Yunus almost 8 years

because it shows tha same cmd with different argyment , and that is nice to know .
eruve about 5 years

Great! But on my version of nAWK ("One True AWK") that doesn't work. However this does the trick: awk -v FS='' -v OFS='\n' '{$1=$1};1' (wondering if that's more portable since -F '' might yield the ERE: //)
done almost 3 years

This removes white space from the original string.
done almost 3 years

An eval could be a big risk, a double eval is even more risky.

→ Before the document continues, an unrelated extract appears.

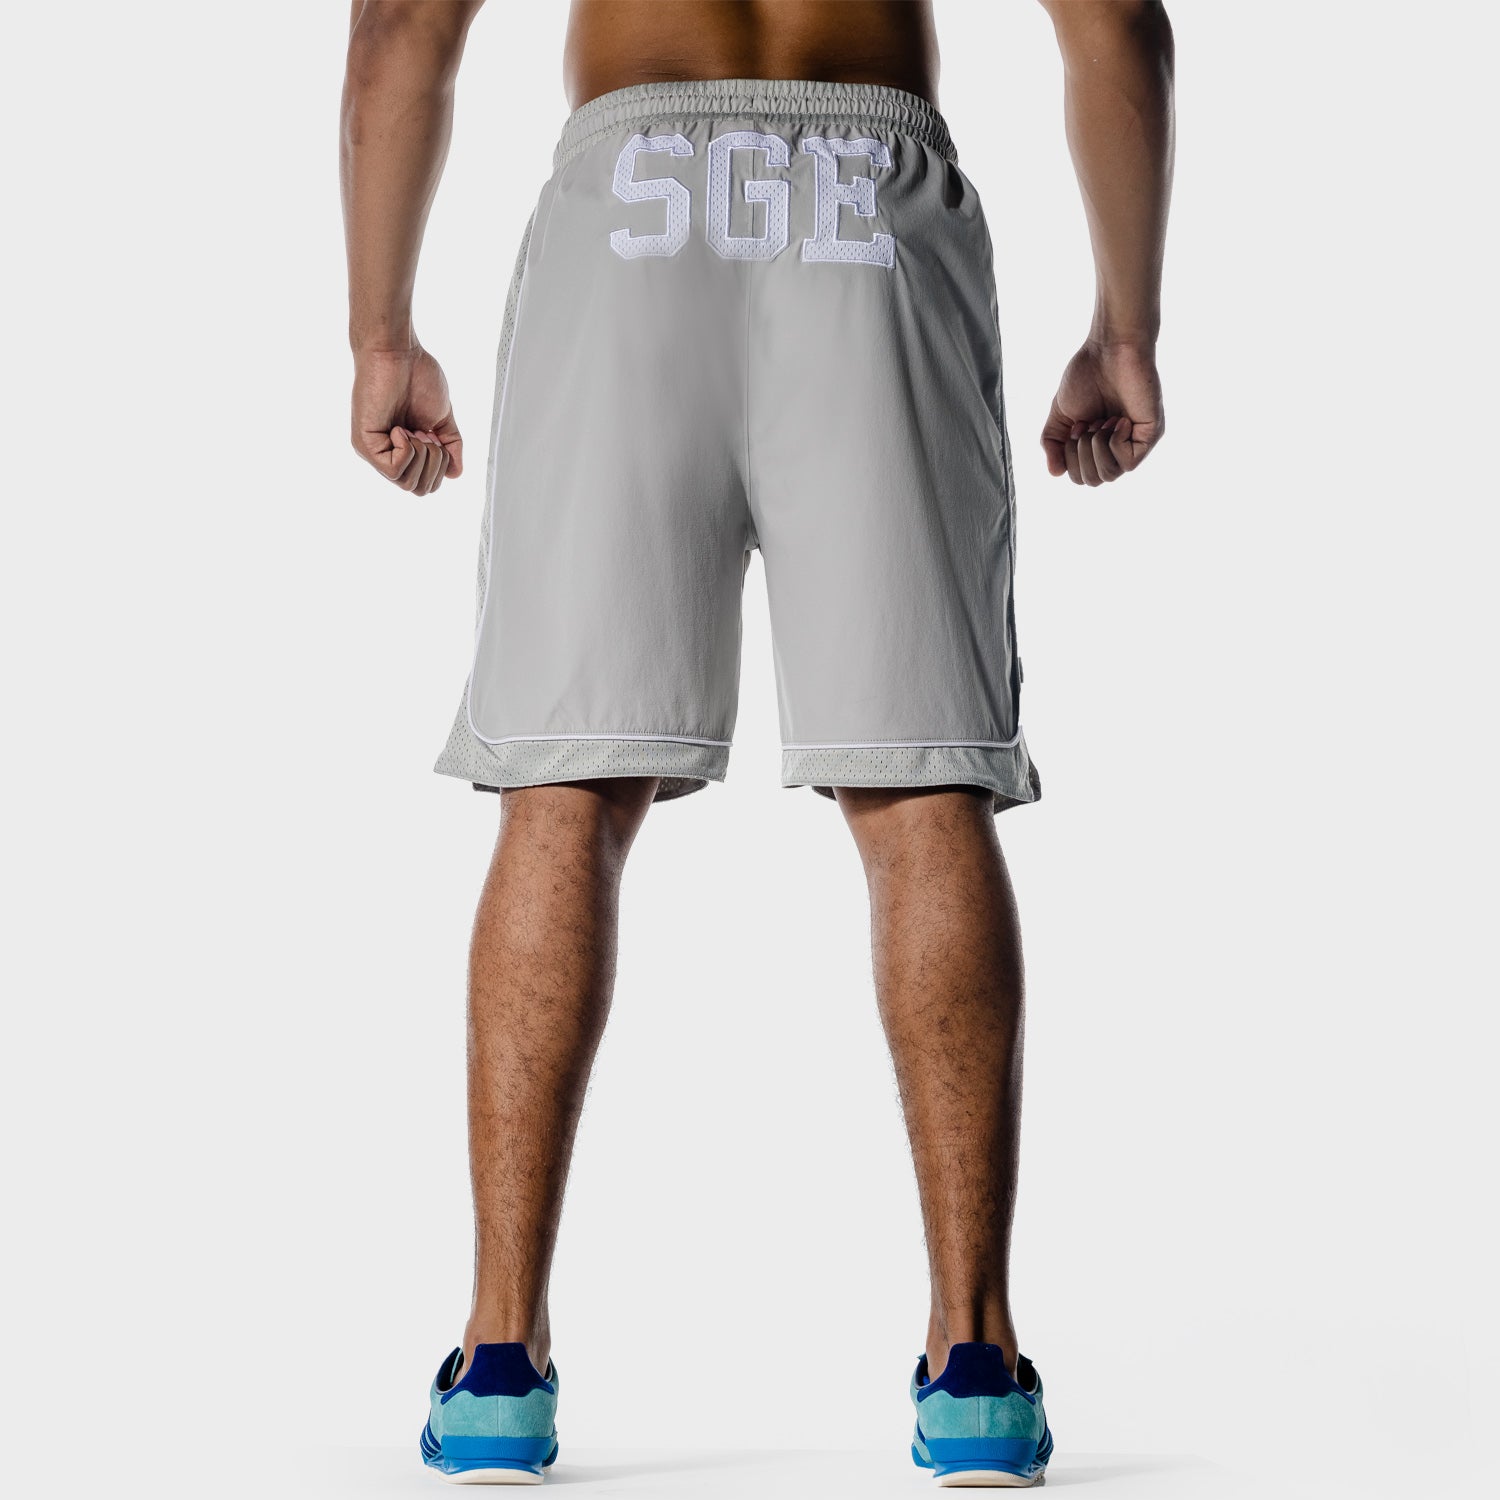 squatwolf-gym-wear-golden-era-basketball-shorts-grey-workout-shorts-for-men
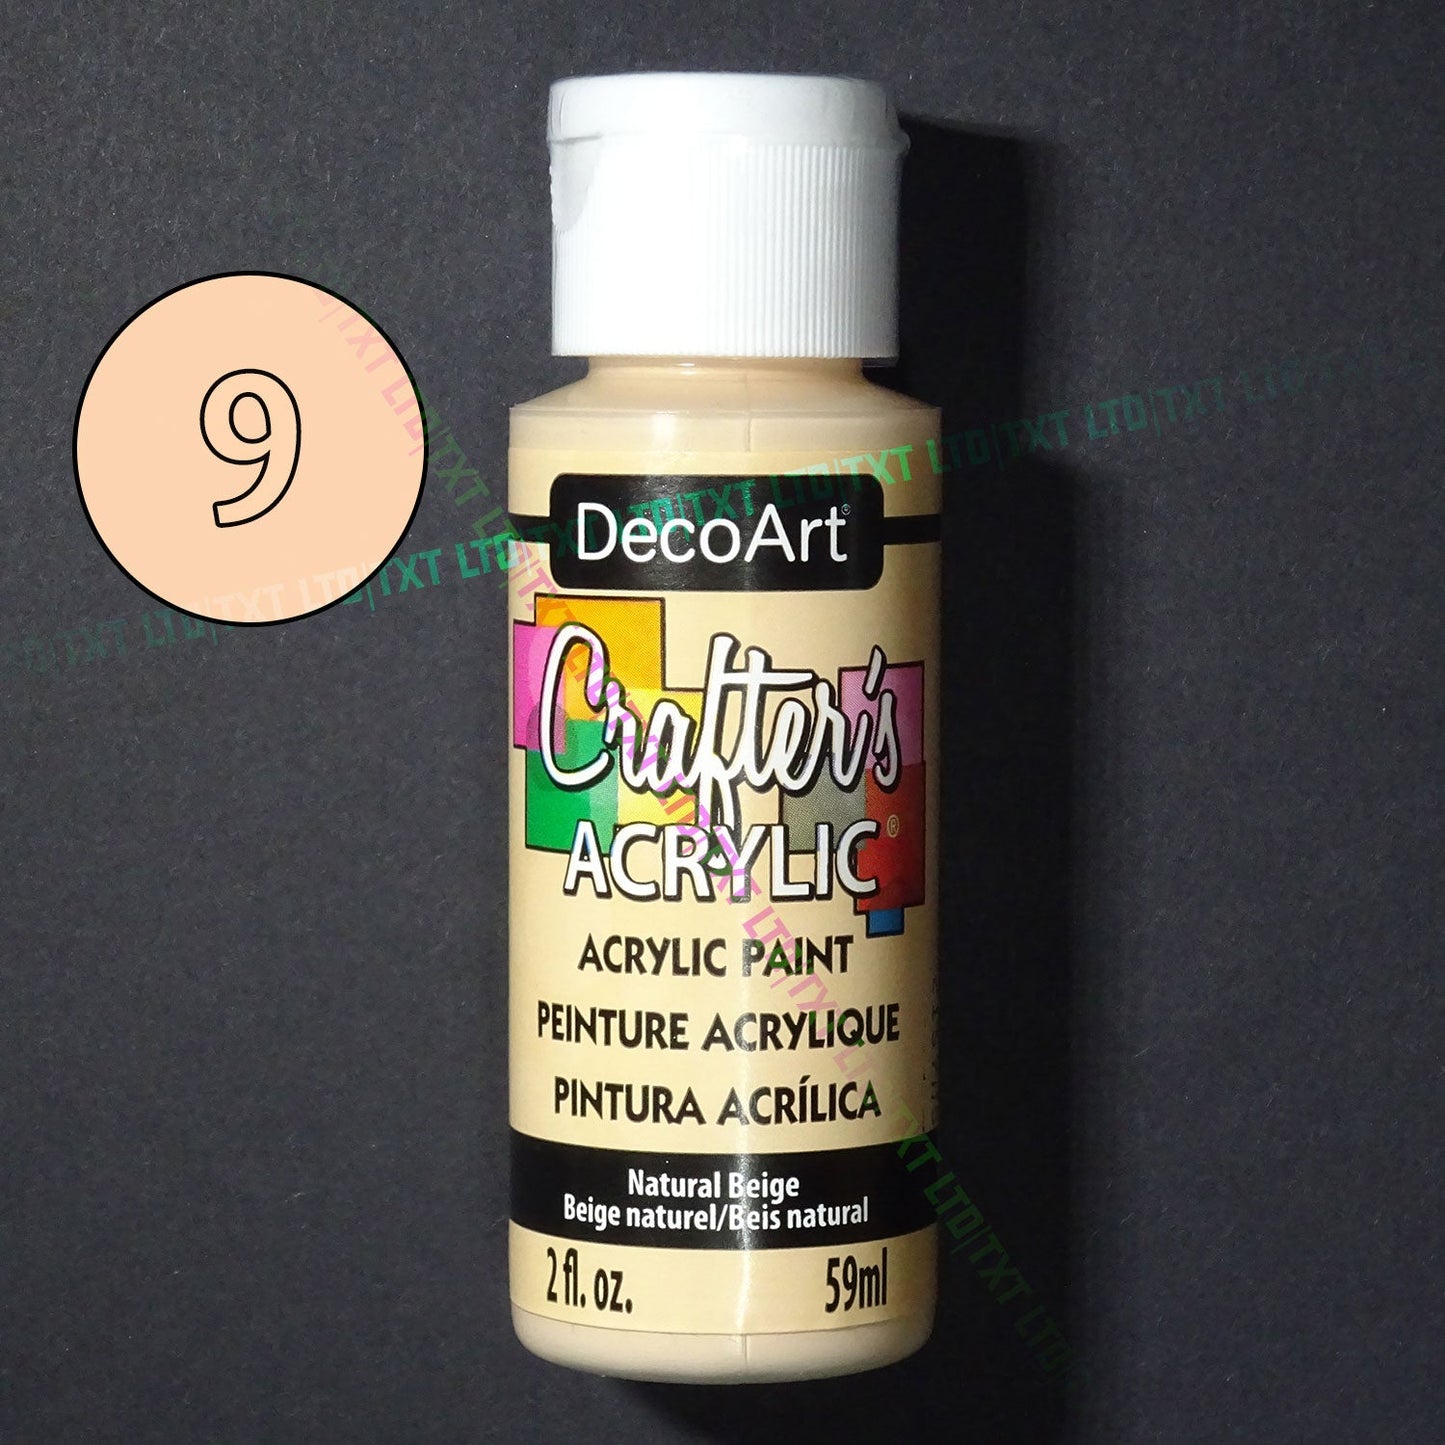 DecoArt Crafters Acryl, 59ml/2oz. [Farben 1 bis 103]

Specially with arbitrary input from $s. Just saying !!
done almost 3 years

Are you claiming that $'e\u301' is equivalent/equal to é ?
Stéphane Chazelas almost 3 years

@Isaac, no, I'm not claiming any such thing though there are some definitions of "equivalent" for which that would be true.
done almost 3 years

Your description seems to imply that because Perl is able to join together characters and accents (much like a text editor join them to select an specific glyph) other software should be able also. But no, not all programs are text editors, Nor all utilities understand the complex (specially in Hangul) set of rules to join some individual Unicode codepoints (unicode.org/reports/tr29 and search for Devanagari kshi). So, no, nor grep, sed or fold understand any of this issue (yet).